LM: David Thompson – 56 appearances – 5 goals
David Thompson burst on to the scene for Liverpool’s entertainers in the mid 1990s. The local lad looked a great fit in that talented side and was a bona fide crowd pleaser with excellent feet and an eye for goal. A lovely strike at home to Palace in ’98, finishing off a cheeky one-two with Steve McManaman, showed his natural ability and boundless potential, as did a wonderful solo goal against Sheffield Wednesday.
A bright future seemed on the cards but he was blighted by injuries and some discipline issues which were never going to win over Gerard Houllier. He was shipped off to Coventry with his boyhood club on the cusp of transformation in to a top European side.

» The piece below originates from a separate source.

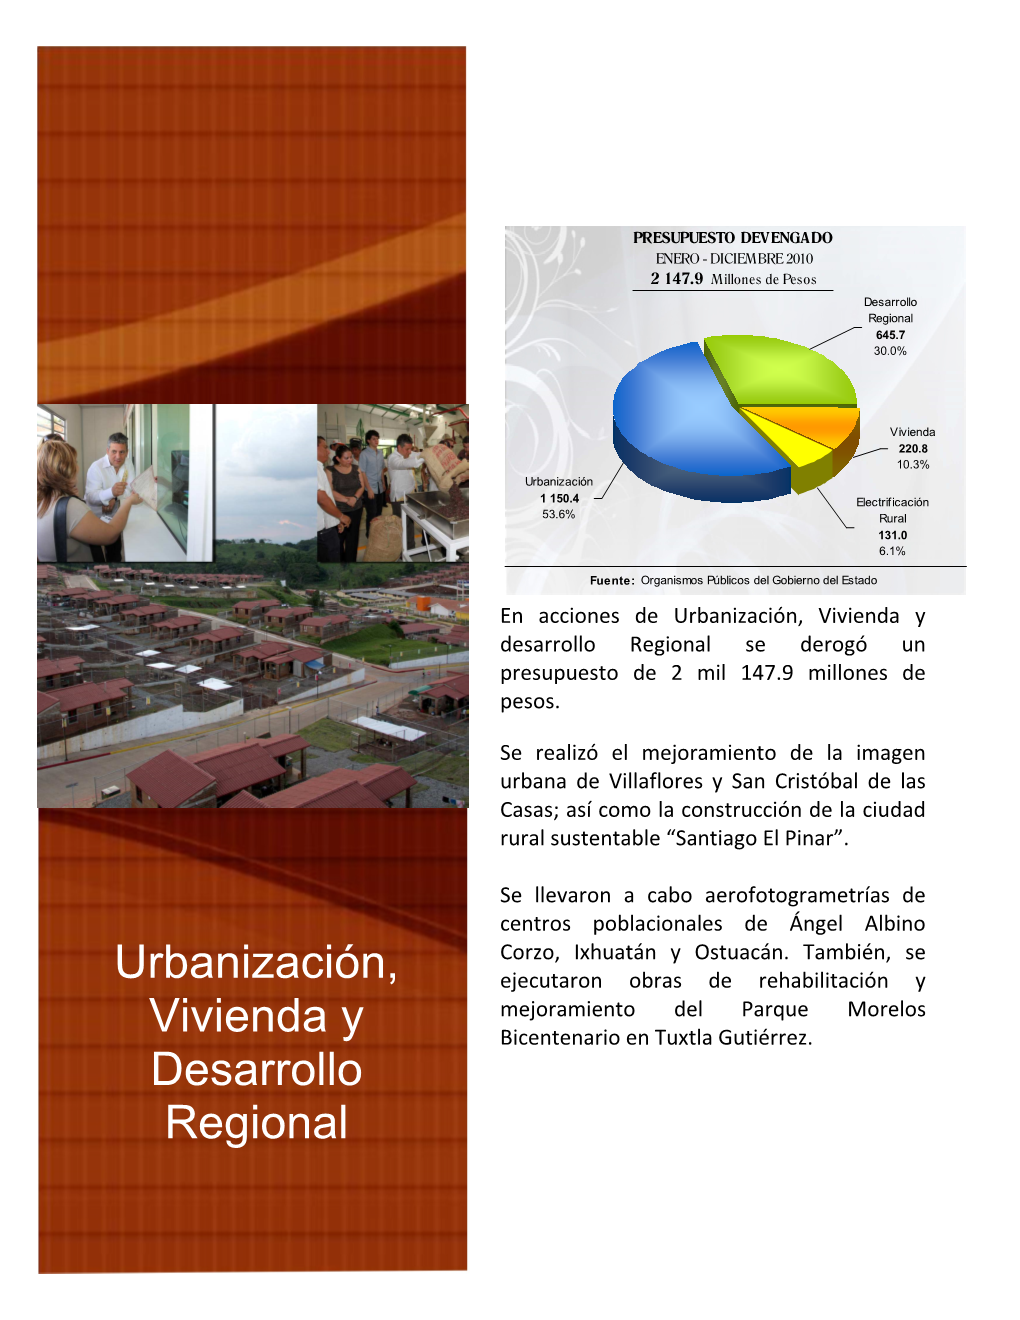 Urbanización, Vivienda Y Desarrollo Regional Se Derogó Un Presupuesto De 2 Mil 147.9 Millones De Pesos

FW: Jari Litmanen 43 Appearances – 9 goals
There are sound footballers, and then there is Jari Litmanen! Or at least that’s what I thought when I first saw the silky Finn live under the lights at Anfield in 2001. Litmanen was a technical class above anyone we’d signed for nearly a decade. Like all top players, his wonderful brain gave him an extra couple of seconds and his footwork and first touch were dazzling.
Had we signed him a year a two earlier, he may not have featured on this list. Sadly, a succession of injuries calcified a top player and we only saw fleeting glimpses of his greatness. A screamer against Spurs and a real bit of composure away at Bayer Leverkusen are particular highlights of the Litmanen’s all too brief spell at Liverpool.
FW: Craig Bellamy: 73 appearances – 18 goals
Every top team needs a good nutter! We had Mr Bellamy in ours for two glorious and memorable spells. The Welshman was a great persona on the pitch, full of character, vim and determination. Despite an infamous, and let’s be honest, outright comical incident in Spain involving ale, a golf club and John Arne Riise; we seldom saw the chronic troublemaker that some had made him out to be.
Blessed with a burst of place and a lovely bit of skill, Bellamy was the kind of player who always gave you hope on the pitch. His heroic performance against Manchester City at Anfield in the 2012 EFL Cup semi-final was genuinely phenomenal and symptomatic of the Welshman’s grisly desire to win. A true cult hero who brought a smile to your face, Klopp would have loved him!